The combined ‘plan investors’ will commit to purchase $800m of convertible preferred stock and approximately $175m of common stock in the reorganised Delphi. They will also commit to purchasing any unsubscribed shares of common stock in connection with an approximately $1.6bn rights offering that will be made available to existing common stockholders subject to approval of the bankruptcy court.


The rights offering would commence following confirmation of Delphi’s plan of reorganisation and run for 30 days. The private equity investors could invest up to $2.55bn in the reorganised company.


The new agreement further outlines Delphi’s proposed reorganisation, which includes payments to creditors and shareholders, treatment of GM’s claims, and corporate governance of the reorganised company.


These provisions had been the subject of a separate plan framework support agreement between Delphi, GM and the investors in the earlier now-terminated deal.


Under the new investment plan, all senior secured debt would be refinanced and paid in full and administrative and priority claims would also be paid in full.

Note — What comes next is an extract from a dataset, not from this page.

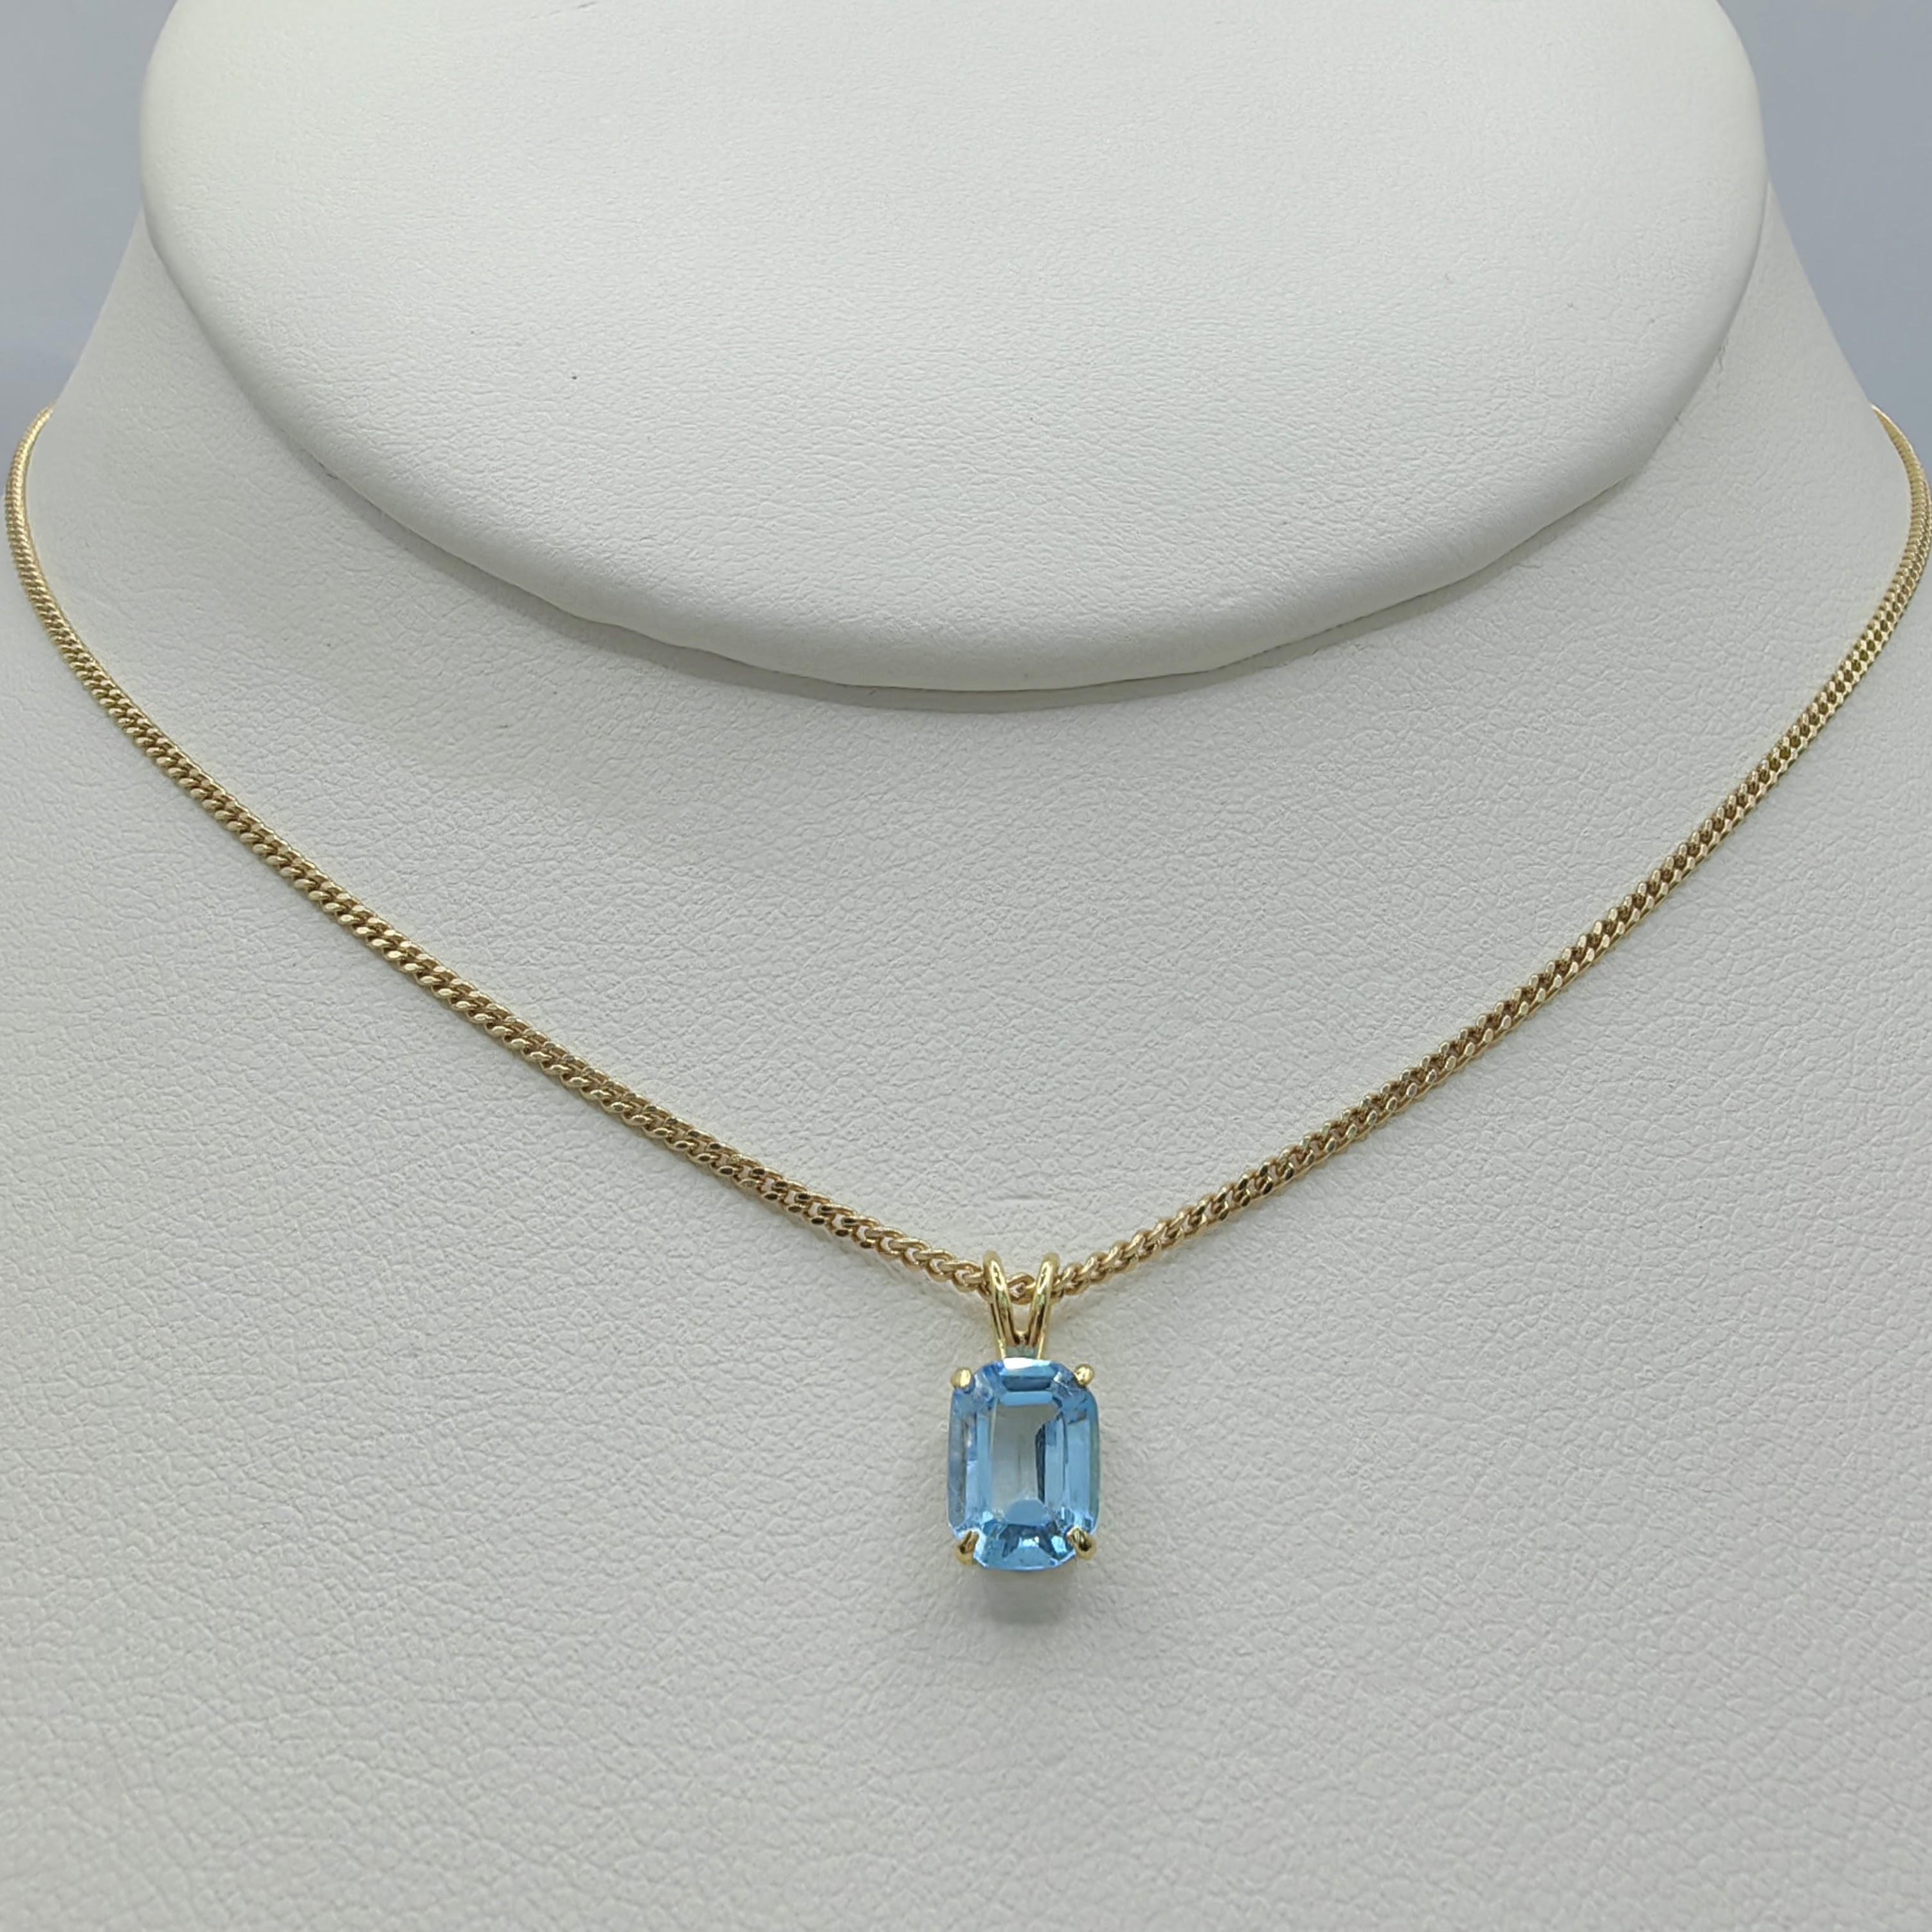 Nous vous présentons notre collier pendentif Topaze bleue taille émeraude des années 1980 en or jaune 14 carats, une pièce intemporelle qui respire l'élégance et la sophistication. Ce pendentif exquis met en valeur une topaze bleue de taille

Trade and other unsecured claims and unsecured funded debt claims would be satisfied in full with $3.0bn of common stock (66.7m out of a total of 147.6m shares) in the reorganised Delphi, at $45 per share, and approximately $1.2bn in cash. The framework requires that the amount of allowed trade and unsecured claims not exceed $1.7bn.


In exchange for GM’s financial contribution to the plan, and to meet GM’s claims against the company, the automaker will, among other things, get $2.7bn in cash.